Бодро, чуть ли не с задором горит все хорошее, что я испытываю к людям, снова хочется орать, прижав ладони к ушам, собственно, все это очень напоминает картину Мунка: кровавые отсветы, неподвижные размытые фигуры, которые издалека наблюдают, как на переднем плане рздирает рот неровной буквой "о" какой-то психопат, и вот, в общем, я одновременно и этот психопат, и спокойные статичные фигуры позади него.
Очень многое — почти все — кажется неестественным и наигранным, везде подозреваю какой-то заговор, тут и там, по мелочи, как будто люди все делают театрально, с каким-то хромающим умыслом, стремятся произвести впечатление, судорожно мечутся в поисках красивости, это ужасает и выматывает страшно. От этого я очень быстро сама становлюсь неискренней, почти машинально, то ли от страха, то ли от накатывающего ступора, переигрываю, тут же это замечаю и пугаюсь того, что переигрываю, а вдруг кто-то еще это заметил. Быть с людьми как бремя, о, зачем же надо с ними жить... и в том же духе, малодушно, конечно, очень.

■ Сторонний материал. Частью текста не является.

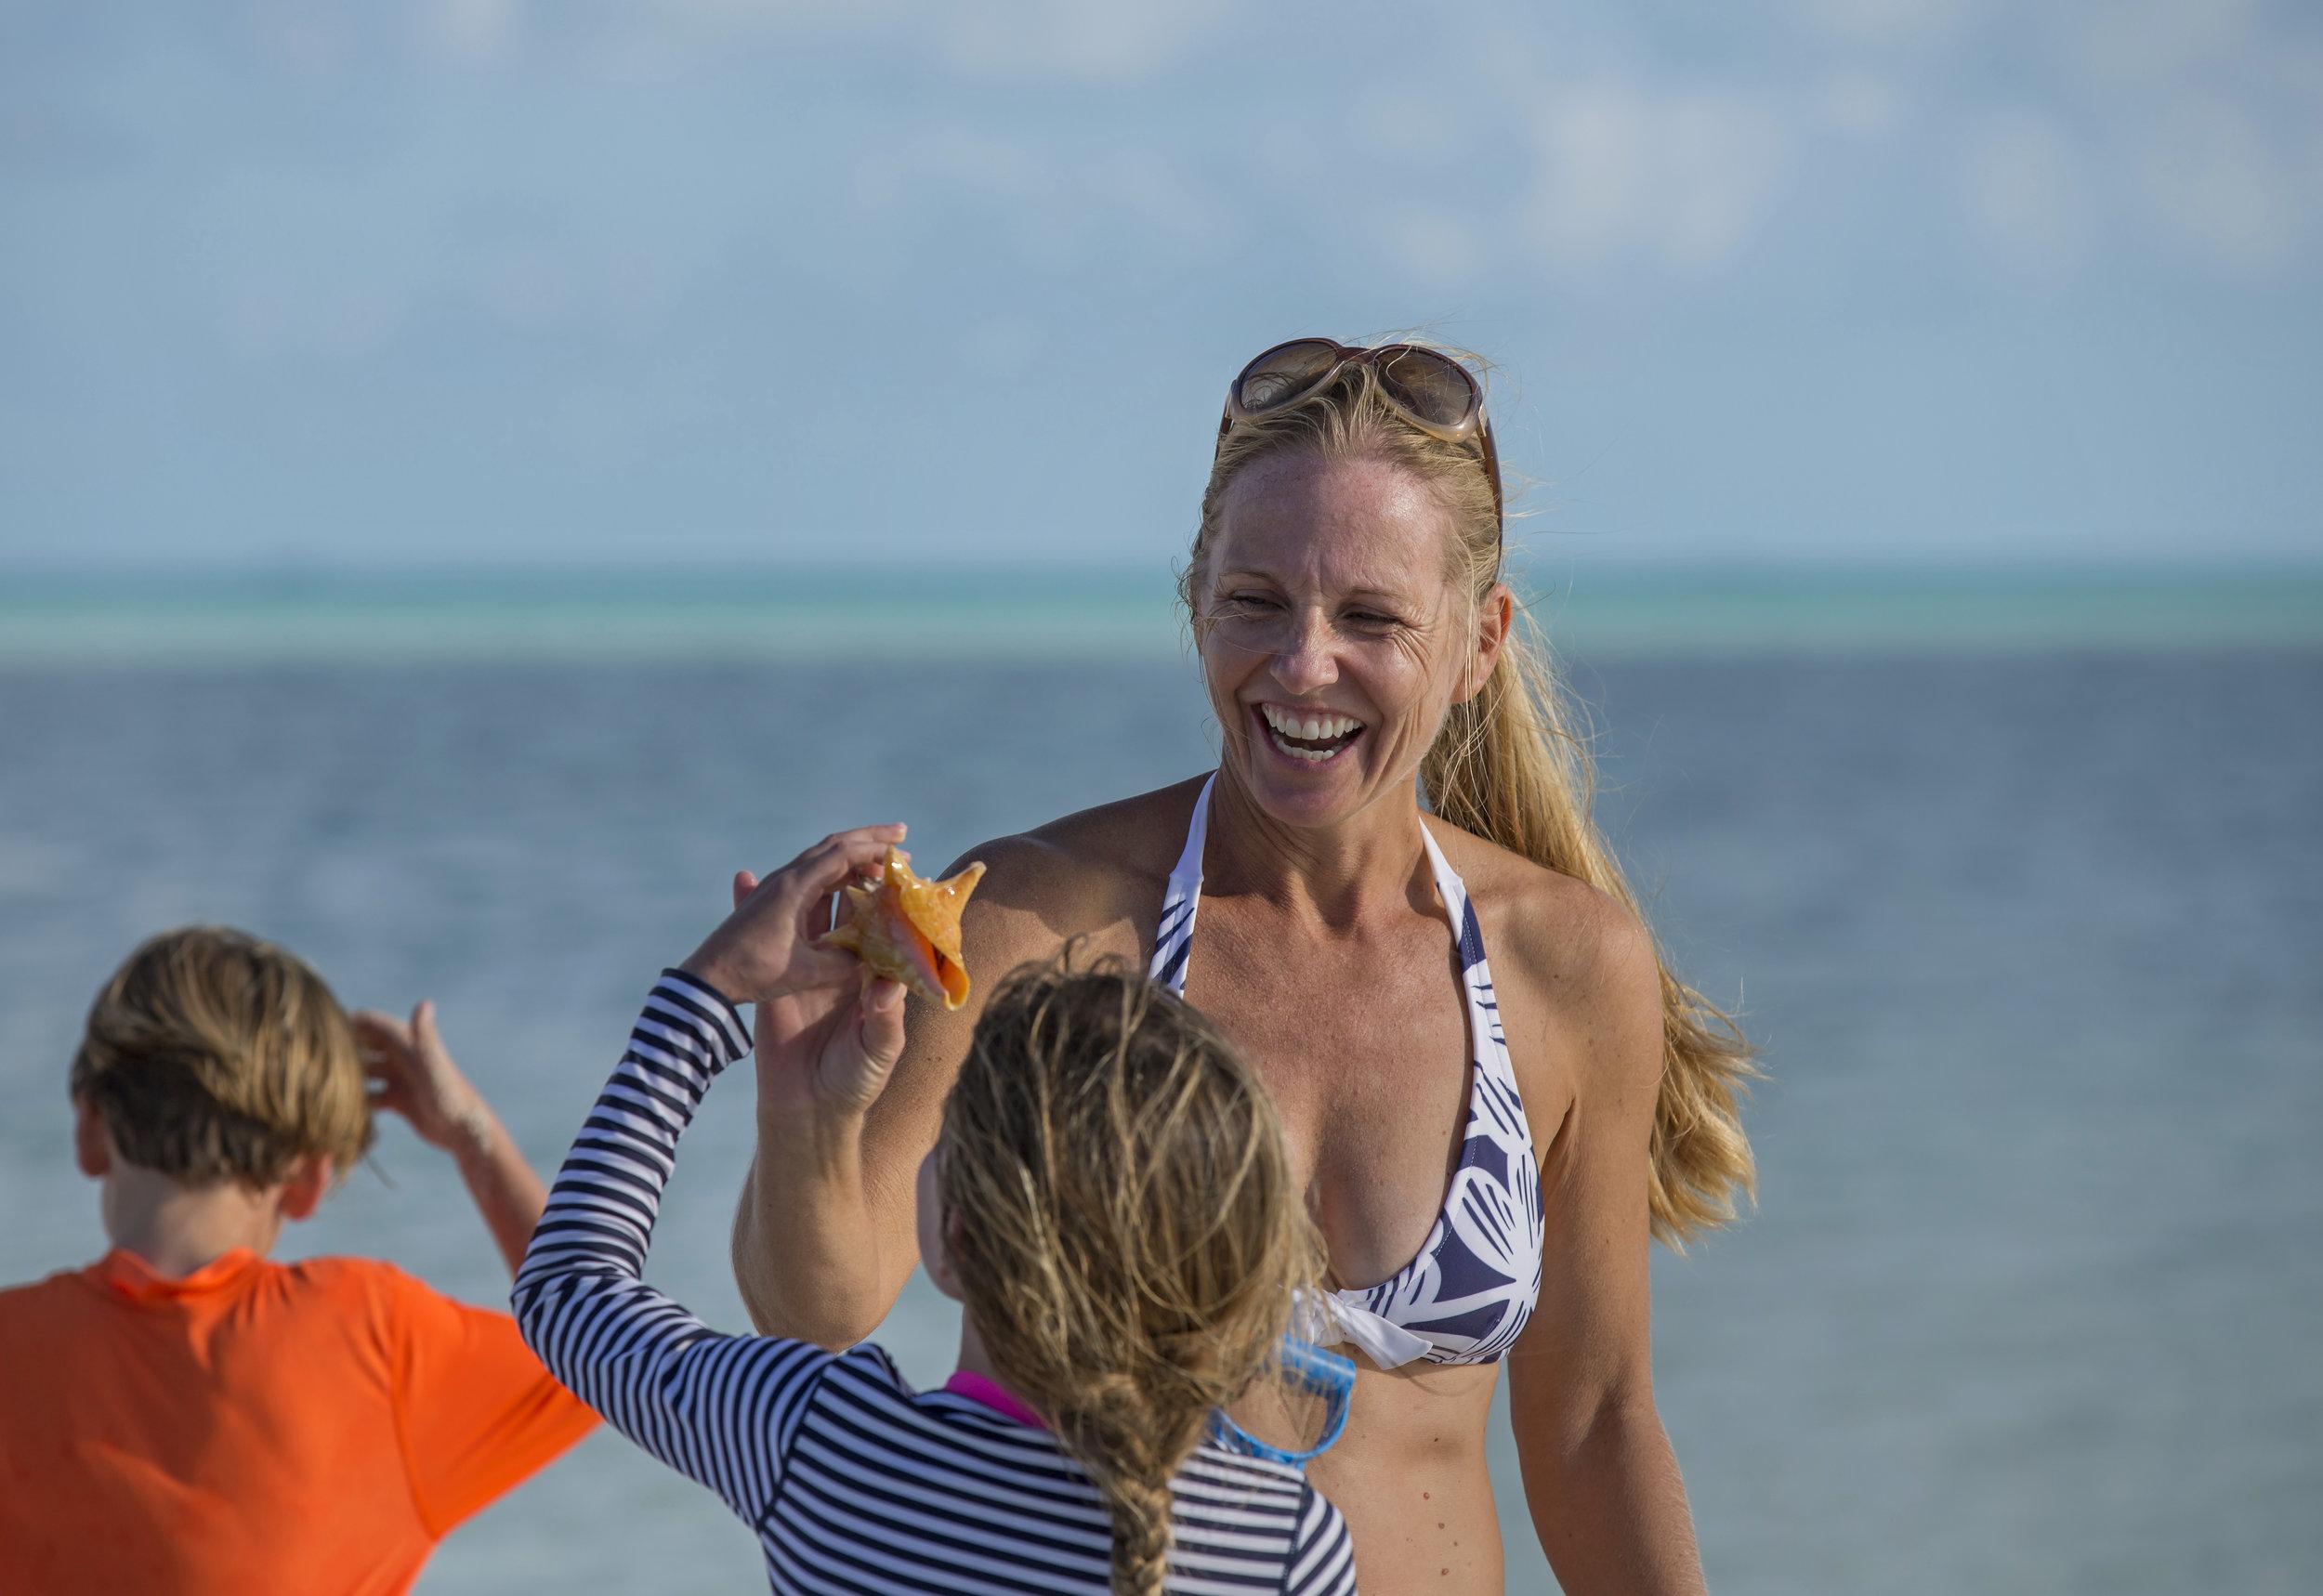 jason-decaires-taylor-Atlas-Yacht-sweet-escape-charter-dive-snorkle-activities-destinations-bahamas-luxury-eco-tourism-mdermaid-copperfield-rudder-cut-cay-exuma-shells-sand-bar-bank

Наверное, мне нужно отдохнуть.
Звучит безнадежно, потому что тот отдых, который меня так манит, никакой гармонии не принесет, только глубже увязну в неумении взаимодействовать с людьми без потерь со своей стороны. Да и сколько можно отдыхать, я и так все чаще отказываюсь от приглашений куда-то пойти, кого-то увидеть. Как насмешка звучат путаные, стеснительные фразы о природном обаянии, и на них камнем сверху падает твердое и окончательное «твое лицо просто не способно вызвать жалость, попробуй, убеди меня в том, что ты несчастна, у тебя сейчас такое лицо, будто ты решаешь, задушить меня или еще помучать, ты просто не можешь, и никогда не сможешь вызывать жалость», радоваться надо, а мне страшно, как же мне страшно, господи.